Using AI to talk to books
Day 10 / 365
I have made several small AI tools so far. So today I wanted to challenge myself. So I set out to build a tool that you can give a pdf file to, and then ask any question about its contents.
The use cases are several. For instance, all of the NCERT books are available in PDF format. With such a tool, a student can get their doubts answered about any chapter of a book more easily.
The Complexity
So what makes this problem not so straightforward?
Firstly let’s see where ChatGPT gets its info from. ChatGPT works using an AI model that has been trained on a large set of text from all over the internet. So if your question is related to text that is available for free on the internet, it will be able to give you a good enough answer.
But the catch here is that the training data for ChatGPT has a cut-off date.
GPT 3.5 knows only about things on the internet up to Sep 2021. So if your question is about something after that, it would not be able to help you with it.
Providing extra info to GPT
One solution could be to provide GPT with the additional info in the prompt itself, and then ask it your question.
So in the case of the NCERT example, I could copy and paste the whole text from a chapter into my prompt and it would work fine.
The problem arises when the text becomes too long. See LLMs like GPT have a limit to the amount of text they can remember at any given time. This is called the Context Window. For most models, it's not more than a few 1000 words. That would translate to 3–4 pages.

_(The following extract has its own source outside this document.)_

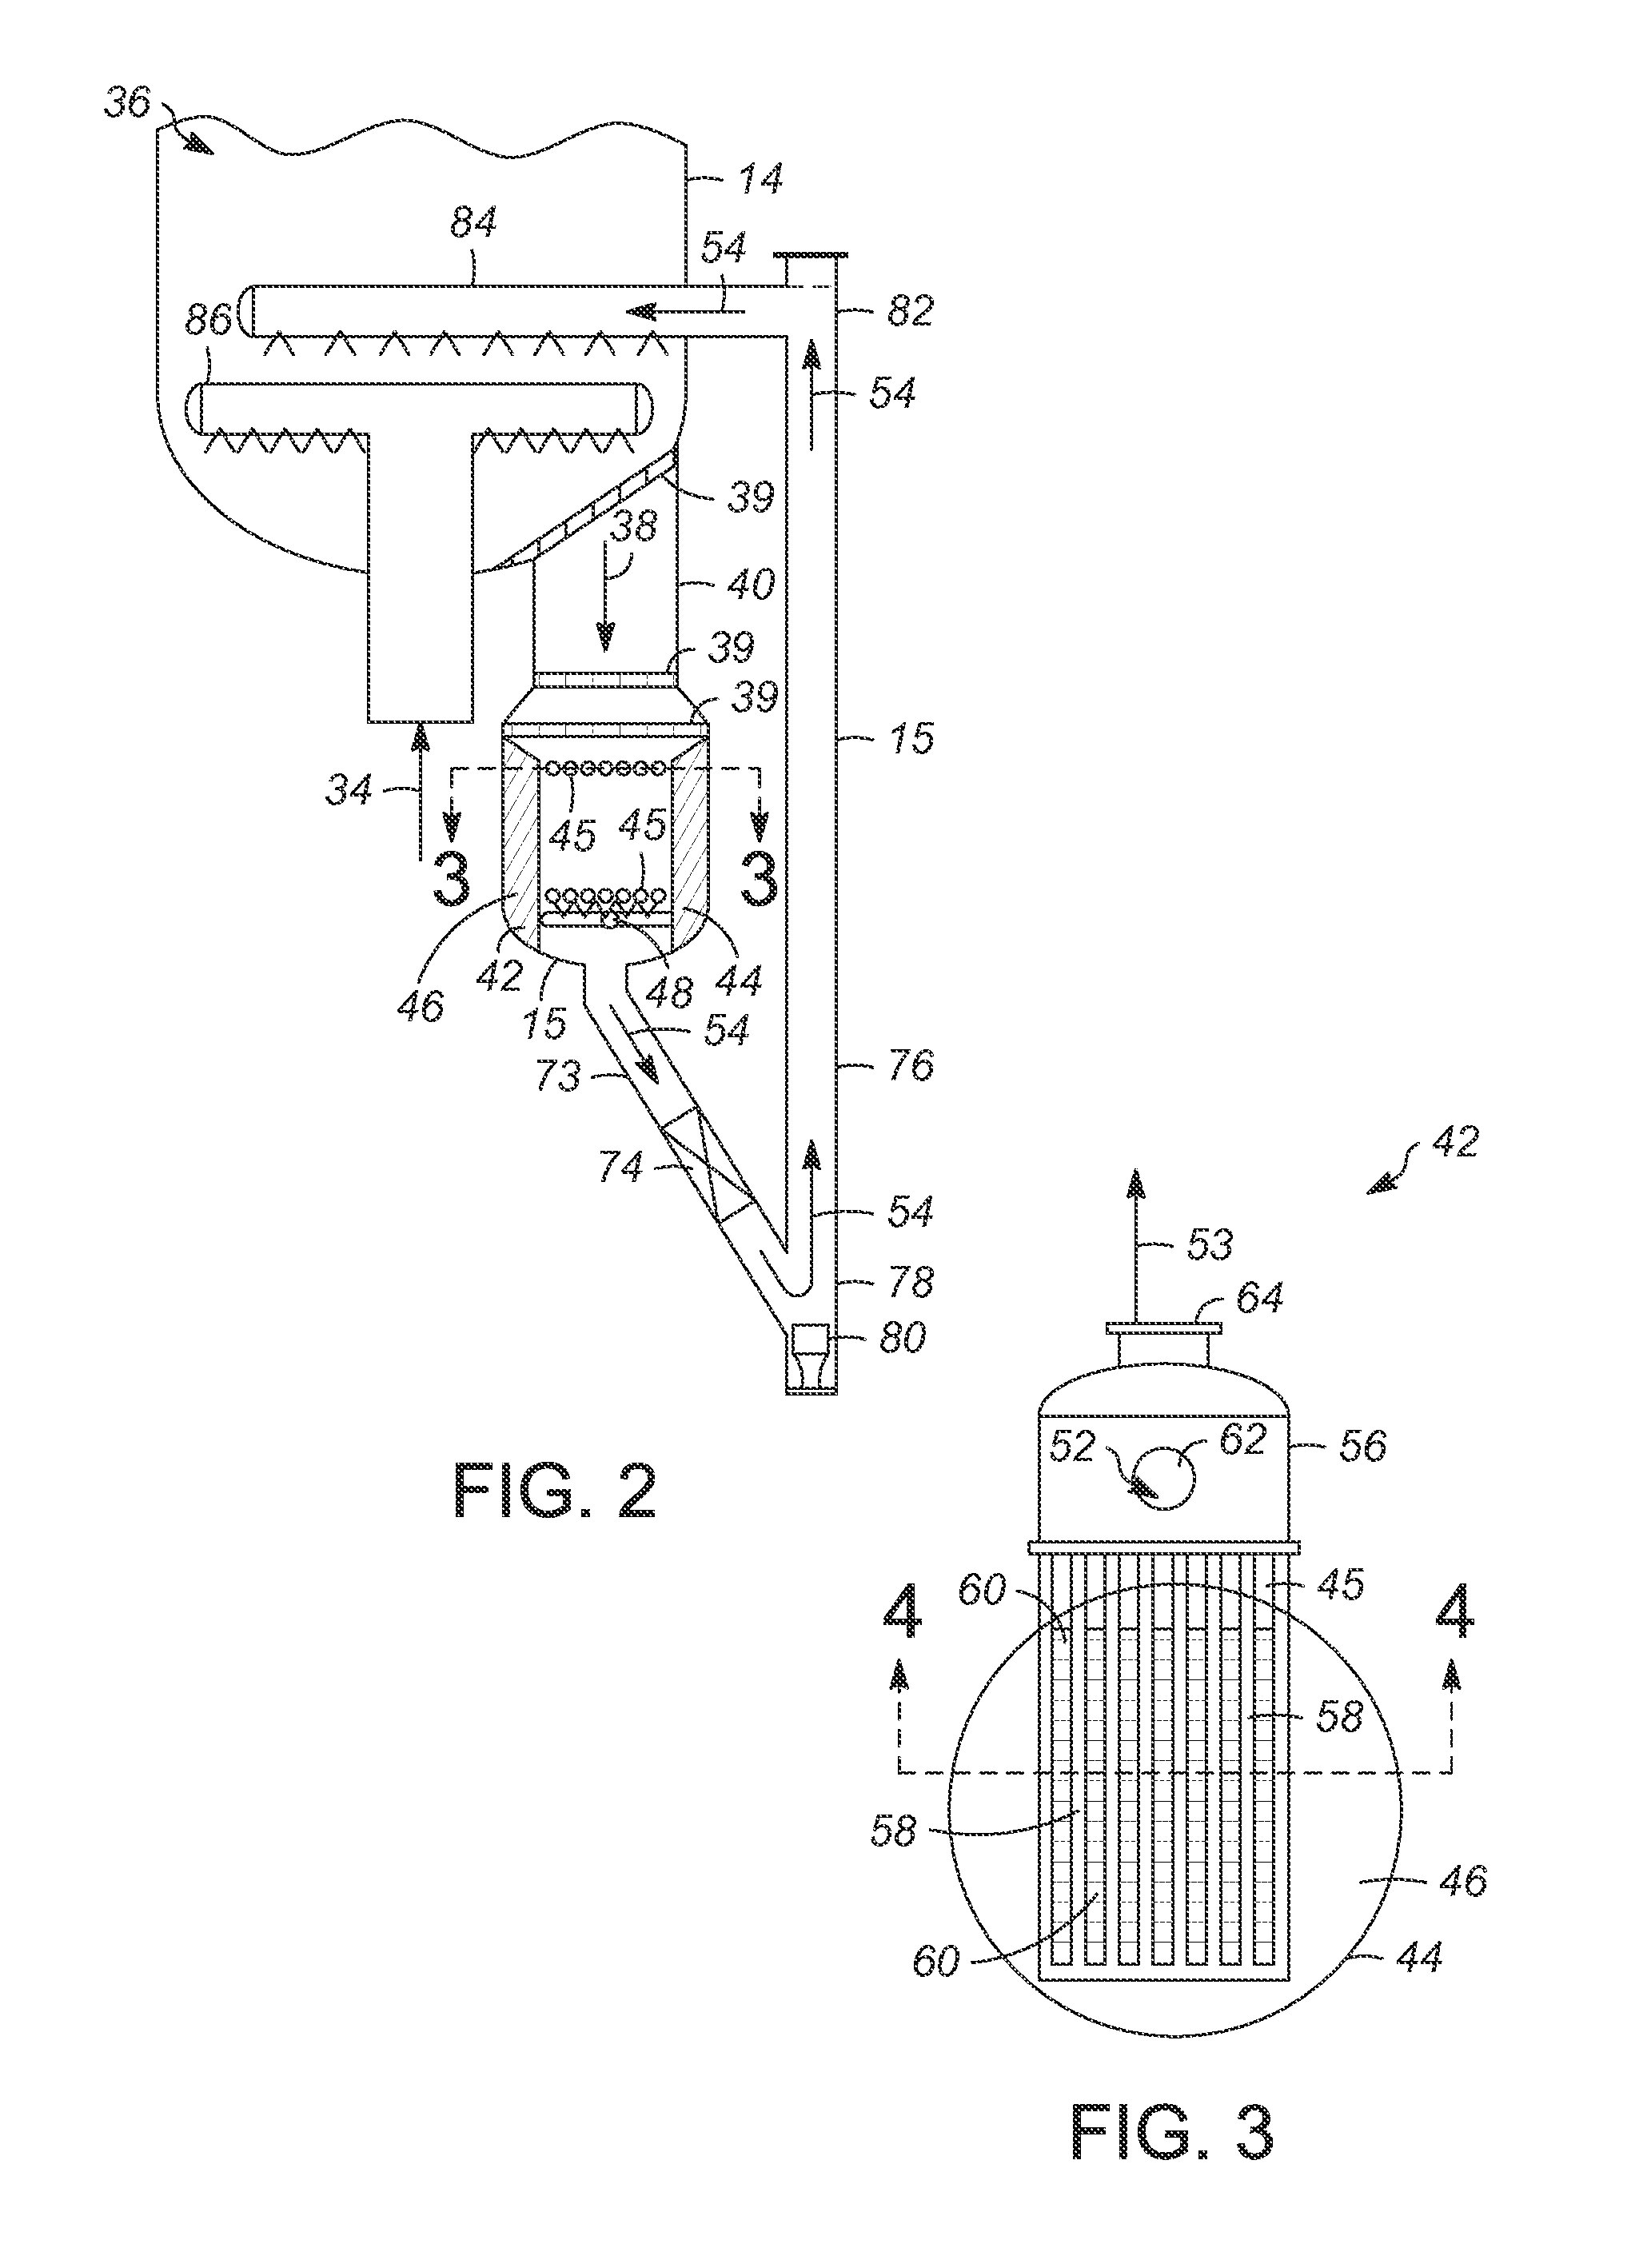 Apparatuses for controlling heat for rapid thermal processing of carbonaceous material and methods for the same

So we need to think of a better solution
Embeddings and Vector Databases
Suppose I had a book with 100 pages, and I wanted to ask a specific question about it. It could be that out of those 100 pages, only 2–3 had info related to my question. Instead of passing the whole text to GPT, we just need to pass the relevant pages. This way we will stay within the context window.
This is where vector databases come in. I would need a whole other blog post to explain what they are, but for now, we just need to know the following -
- We can convert text from the book to integer vectors using an embedding model and store them in so-called vector databases
- We can convert our questions into vectors as well
- By measuring the distance between our question vector and the vectors in our database, we can find text that is relevant to our question.
Similar texts will be close to each other in the vector space.
Putting it all together
Once I had the solution in my mind, I gathered the tools to code it
- I used Streamlit for the UI
- OpenAI embedding model to create the vectors
- PyPDF to extract text from PDF
- FAISS as my vector database
- GPT-3.5 as my LLM
Here’s the final product — https://talk-to-doc.streamlit.app/
To test it out, I gave it a 100-page PDF with short stories — https://www.nipccd.nic.in/uploads/page/Short-stories-from-100-Selected-Storiespdf-958b29ac59dc03ab693cca052b4036e2.pdf
For the question I chose a random page and looked at this paragraph —
So my question was —
“What surprise did Mr. McCaskey get when he came back home”
And within seconds, It gave me the correct answer!
“The surprise Mr. McCaskey got when he came back home was that instead of the usual stove-lid or potato-masher being thrown at him by his wife, Mrs. McCaskey, he was met with only words. Thereafter, an argument ensued between them which escalated into a food fight.”
I have to say that this worked way better than I had expected!
I know that this is not a new idea. Many people built apps to talk to PDF files last year. But I am happy that I was able to not only understand how they work but also make one of my own from scratch. This opens so many more possibilities for future apps.